On 03/02/2015 02:19 PM, Naslund, Steve wrote:
The backend is still symmetric. It's still something like 1.25 gigs up and 2.5 gigs down. You can only beat that going to AE.
Truth is, once the user is achieving what they consider to be acceptable performance they don't care if it is symmetric or not.
Not a very informative discussion.
Points of fact...
From Verizon's January filings regarding 2014Q4: 1. Verizon has about eight million FIOS customers. 2. "Fifty-nine percent of FiOS consumer Internet customers subscribed to data speeds of at least 50Mbps, up from 46 percent one year earlier."
Eight million FIOS customers does not even come close to representing the bulk of users out there. In fact, it does not even represent the majority of "high speed" customers out there.
From a Verizon press release last summer, all FIOS speeds are now symmetric.
And no one cares. I don't even see Verizon commercials crowing about how great it is to have symmetry. If customers loved it that much don't you think they would market that way? Hi Steve,
I live in the Tampa Bay area and I see Verizon commercial all the time where other ISP customers are complaining that theirs ISP take so long to upload pictures, backups, etc. Plus there are commercial with people on an escalator where the up escalator is much slower than the down escalator and people are complaining up should be as fast as down. Regards, Steve
http://arstechnica.com/business/2014/07/verizon-fios-finally-symmetrical-upl...

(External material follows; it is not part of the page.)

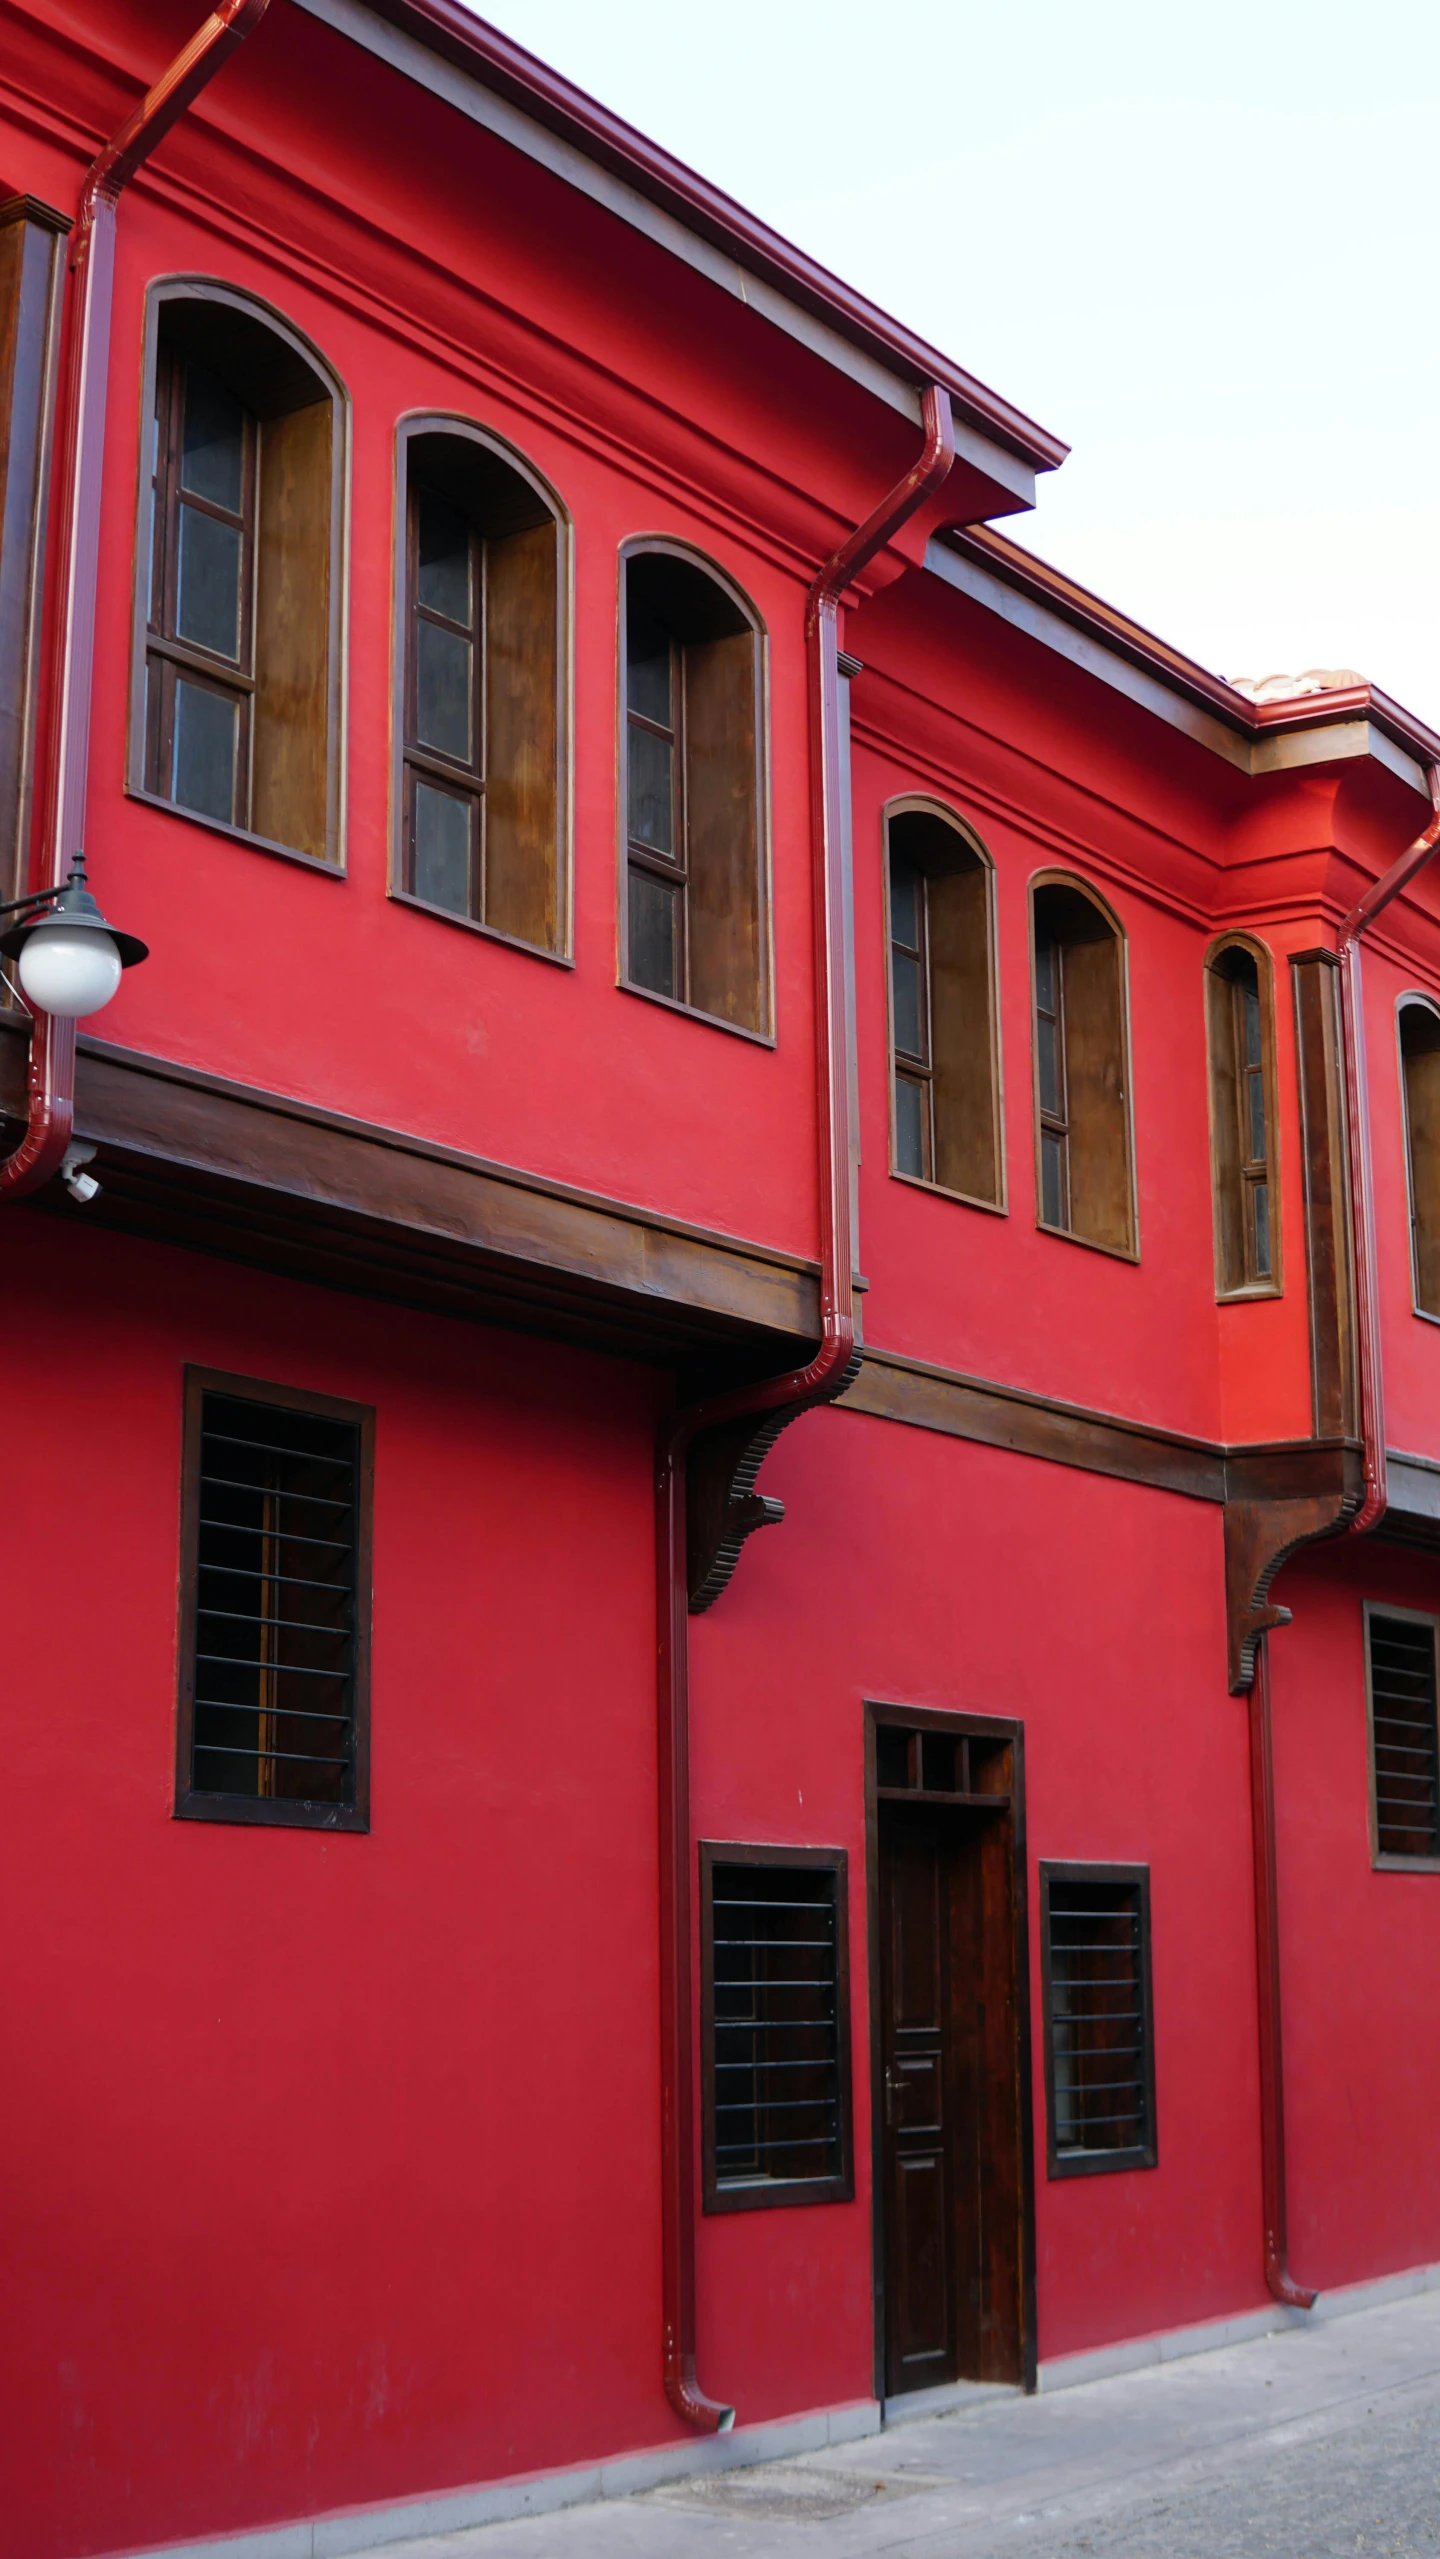 the side of a building with red walls and shutters

ADSL development proceeded the development of the consumer Internet. The original patent was filed in 1988. DSL was designed originally to deliver video in an ISDN/ATM world. For that reason, it was asymmetric. ADSL did not proceed the development of the consumer Internet in the commercial world. If it did, we would never have gone with dial-up modems. Patent dates have very little to do with commercial availability at all. Please give me an example of a purchasable service using ADSL prior to its use in Internet delivery. The number one reason ADSL succeeded and SDSL did not.....you could put an ADSL signal on the phone line you already had in your house, SDSL required a new loop to be ordered. Faster to provision and it can be done without a truck roll.